At this point, therefore, one would
safely conclude that we are not really obsessed with voting people out of power, but that we are rather forced to. The actions (or lack of) of our ruling politicians leave a lot to be desired in most cases, and hence force the citizenry to try someone new in the next elections.
However, it is debatable that once someone is voted out of power, we are never really left with credible and better alternatives.
For instance, was Dr Bakili Muluzi and the United Democratic Front (UDF) a better alternative when Dr Hastings Kamuzu Banda and the MCP were voted out of power? Again, fresh from voting Professor Arthur Peter Mutharika and the DPP out of government, the public opinion seems not to be conclusive on whether Lazarus Chakwera and Saulos Chilima, together with their Tonse Alliance partners represent the change that people demonstrated for.
Can one, therefore, conclude that we have always had weak and unprepared opposition parties?
After voting someone out of power, the sad reality is that we are only forced to give the next available person the benefit of the doubt. Of course, for us as citizens this is an undesirable state of not having better and solid options.

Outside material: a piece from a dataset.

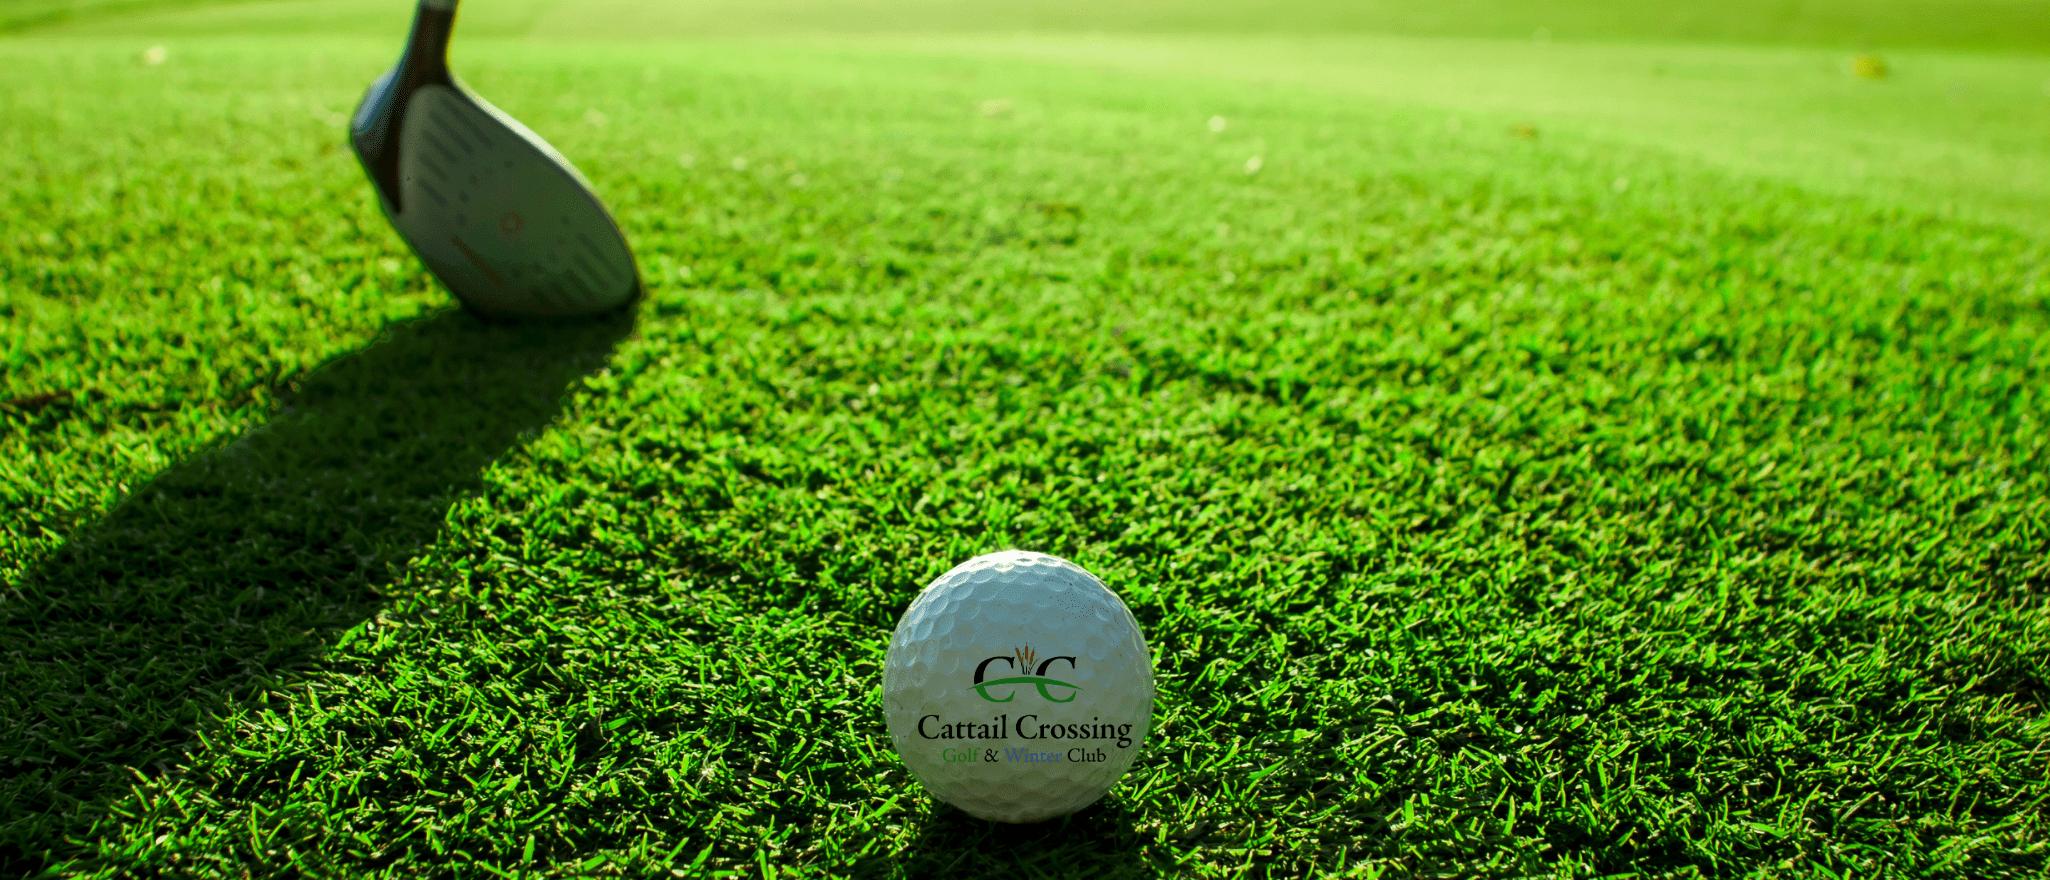 cattail crossing golf

To make matters worse, the ones that replace the people that we vote out of power always tend to forget that they ought to champion the needs of the citizenry, just like their predecessors. “After all, a king can only do what previous kings have done…” so goes Ecclesiastes 2 verse 12.
Clearly, we have been caught between a rock and a hard place for a long time; dishonest ruling parties, and unprepared options in opposition.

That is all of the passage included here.